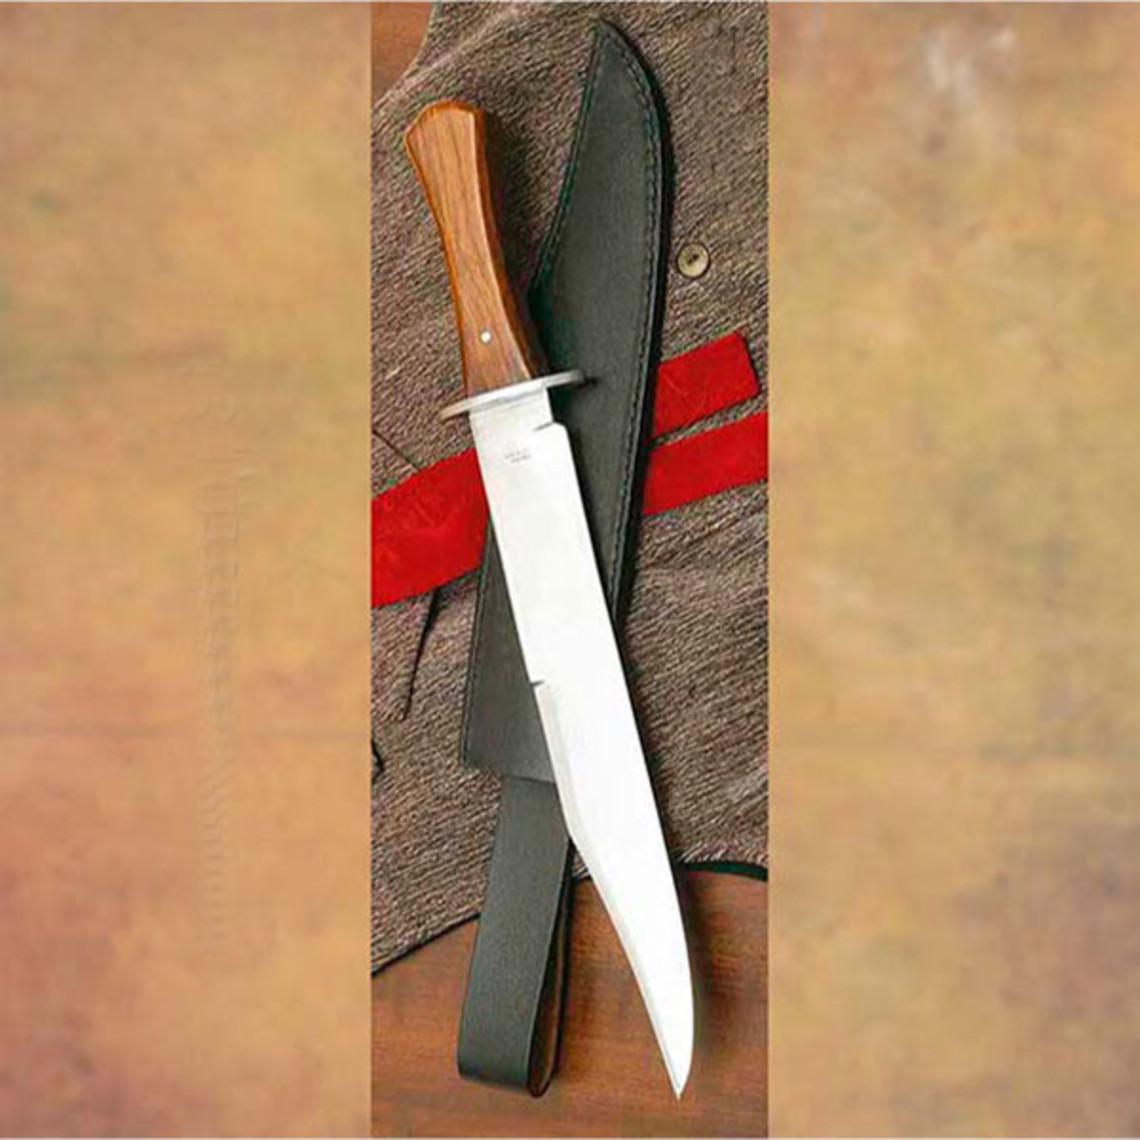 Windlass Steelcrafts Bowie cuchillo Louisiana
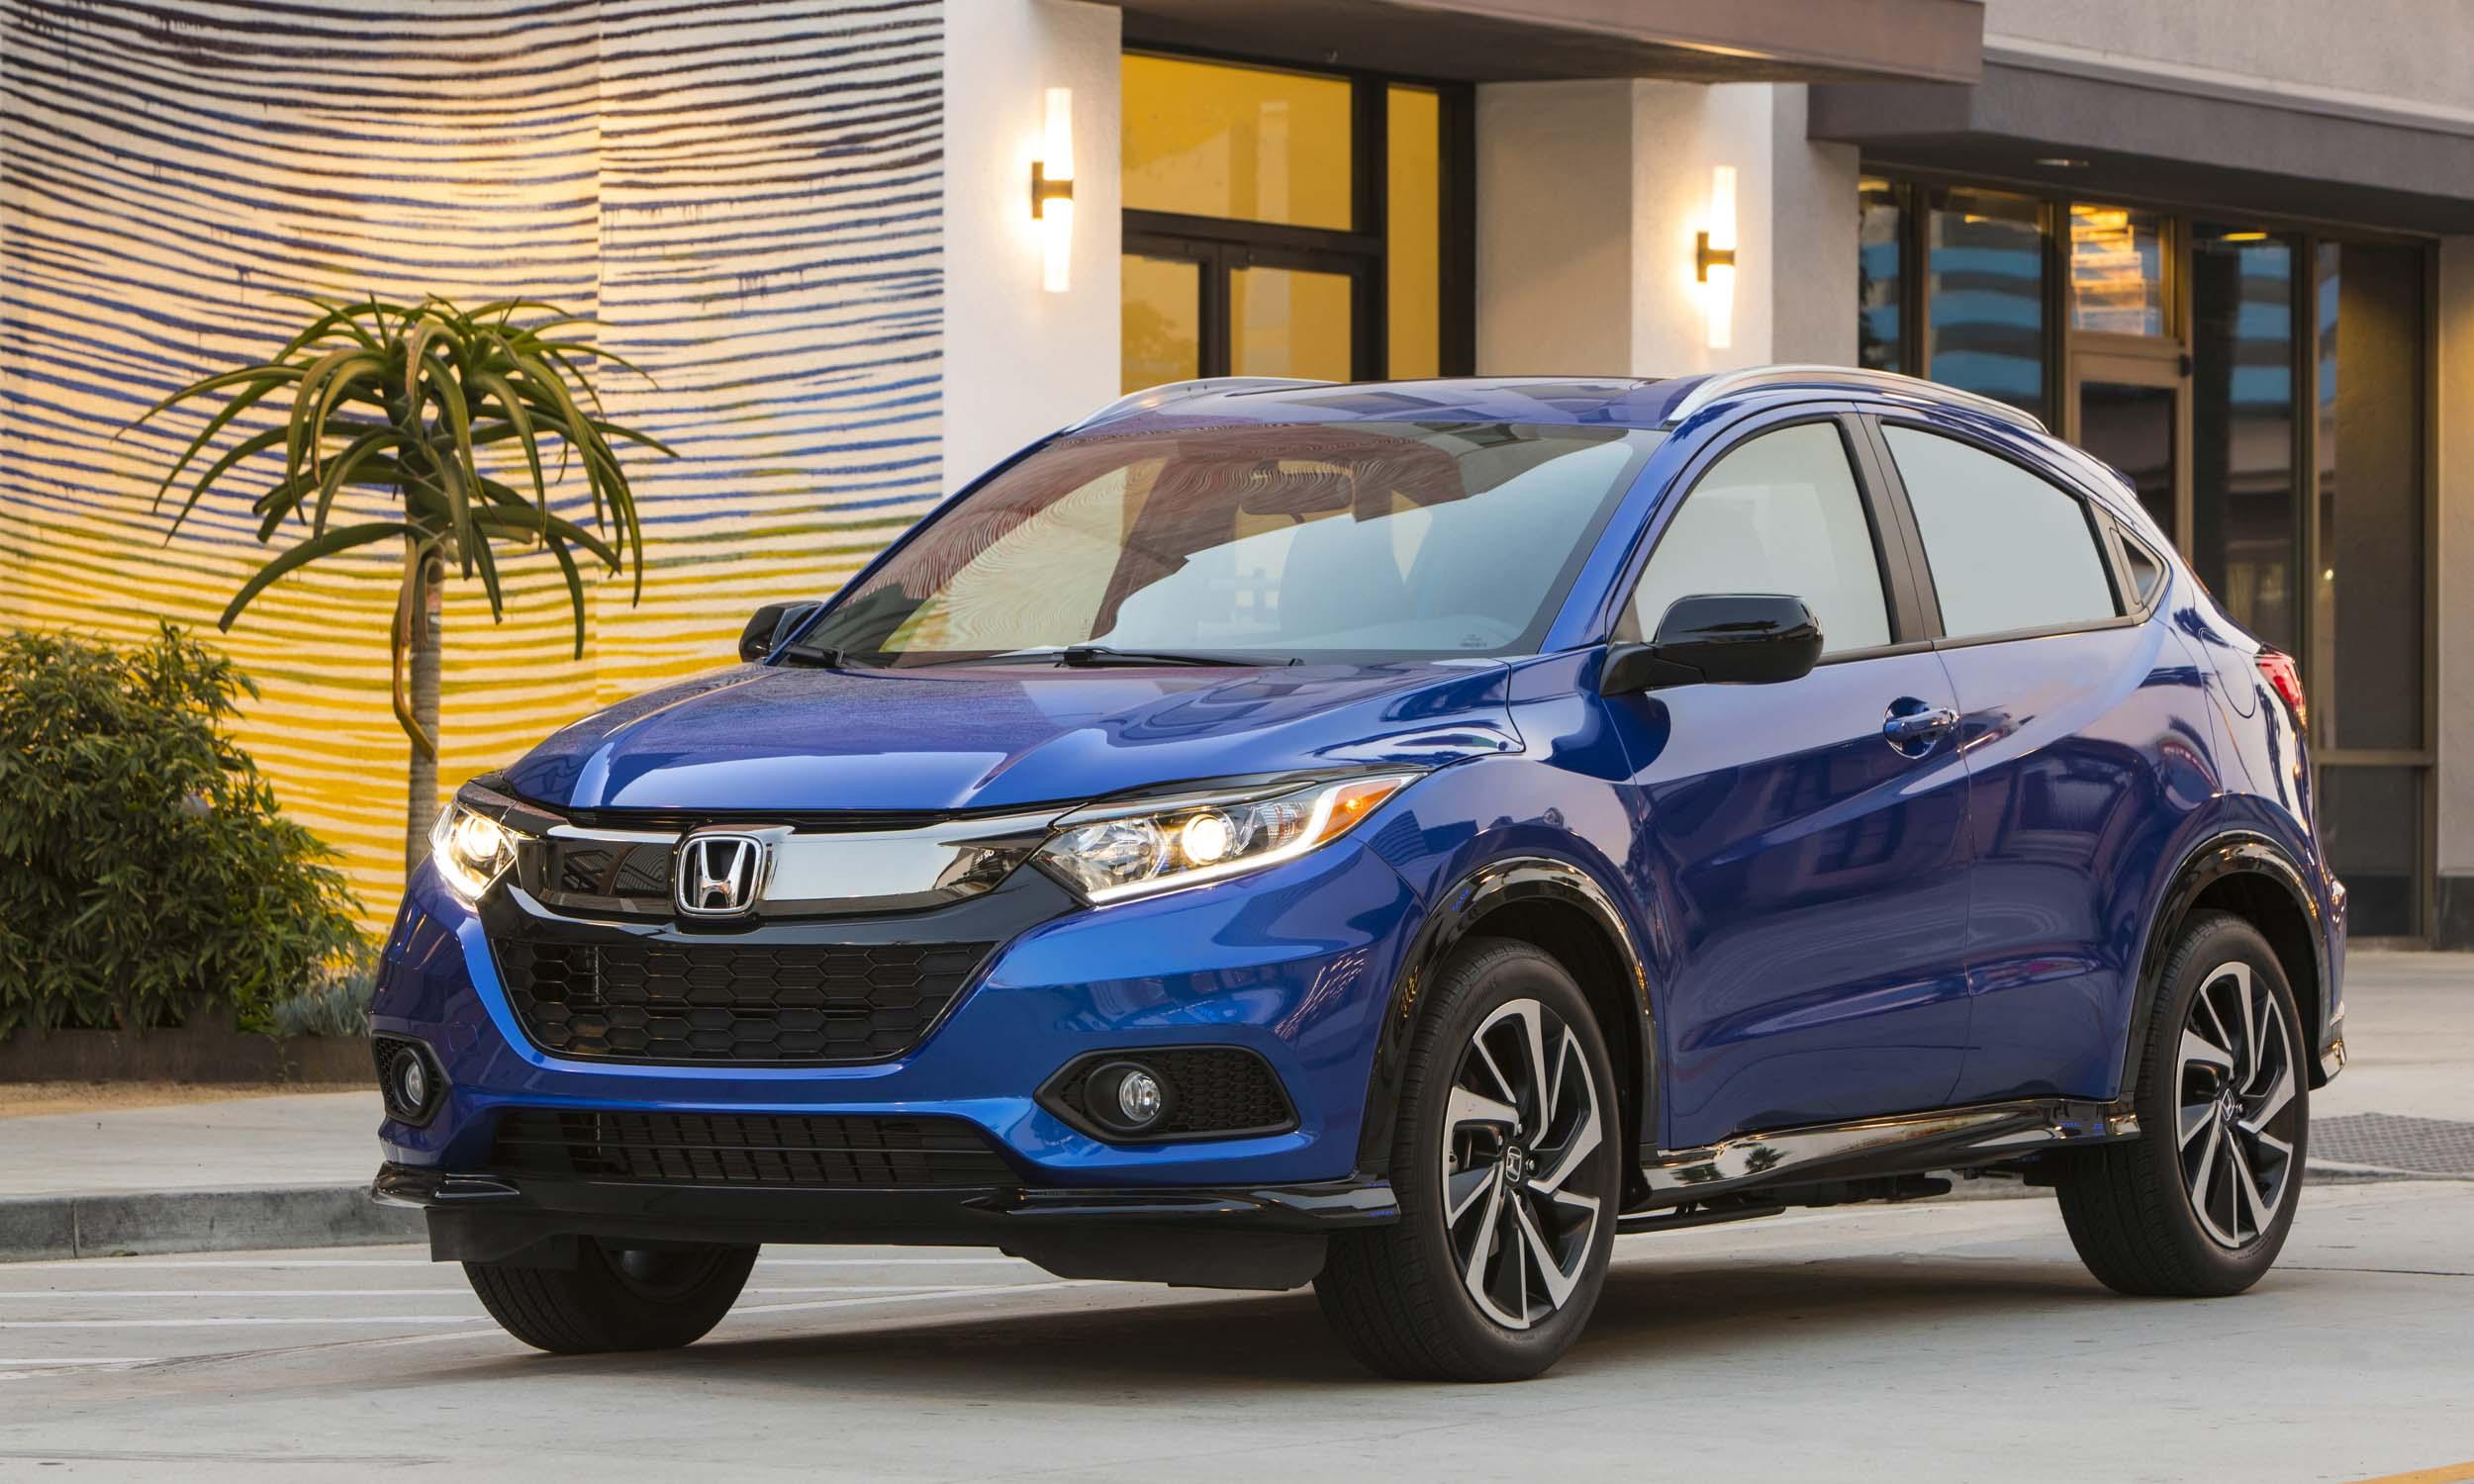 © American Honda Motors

------------------------------------------------

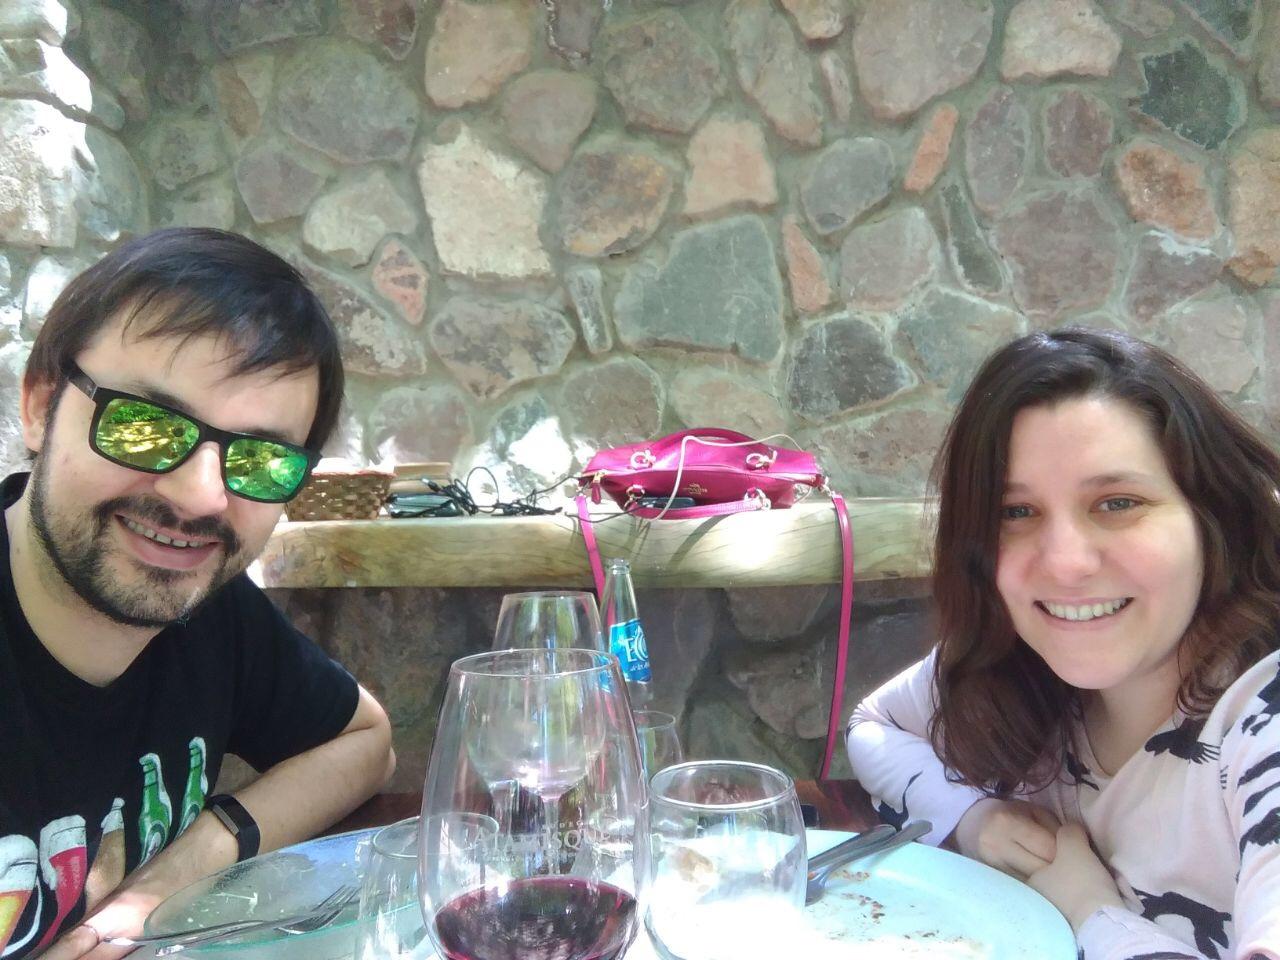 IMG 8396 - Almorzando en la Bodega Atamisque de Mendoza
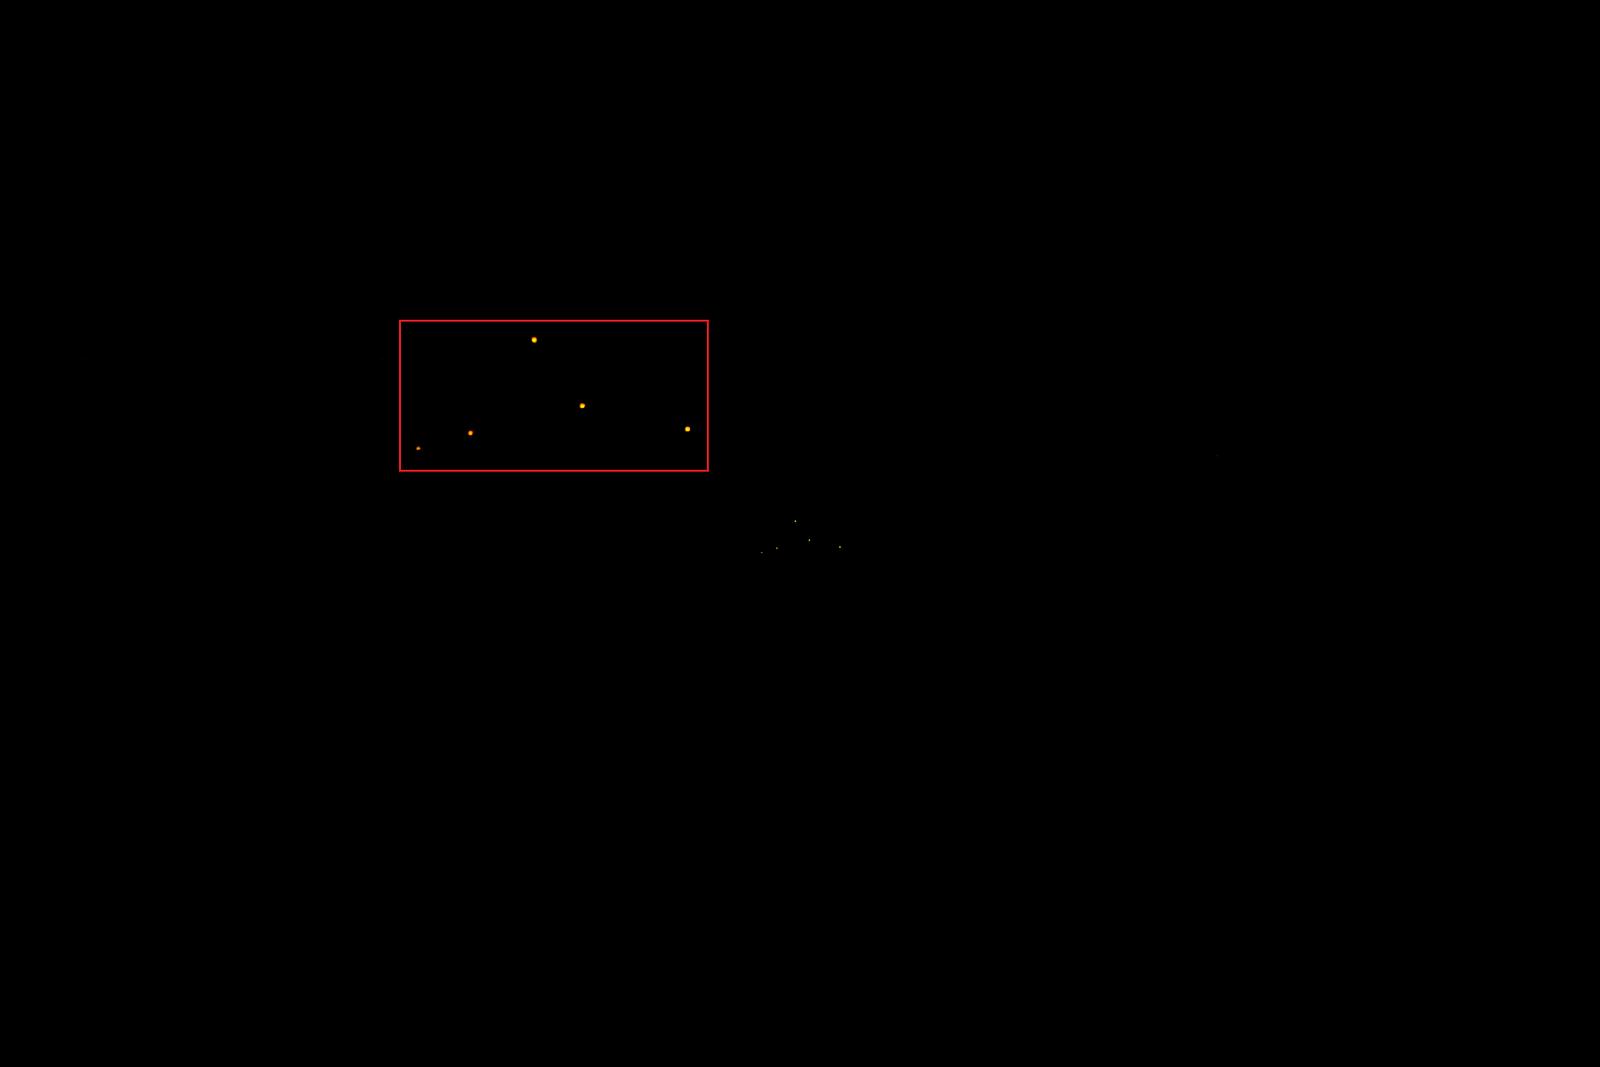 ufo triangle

------------------------------------------------

▶ **Try it**
Only one stretch of the listing above is to be duplicated: the lines from the one containing "Windlass Steelcrafts Bowie" through the one containing "American Honda Motors", both included. Copy them exactly, minus the pictures.

▶ **Answer section**
 Windlass Steelcrafts Bowie cuchillo Louisiana
 © American Honda Motors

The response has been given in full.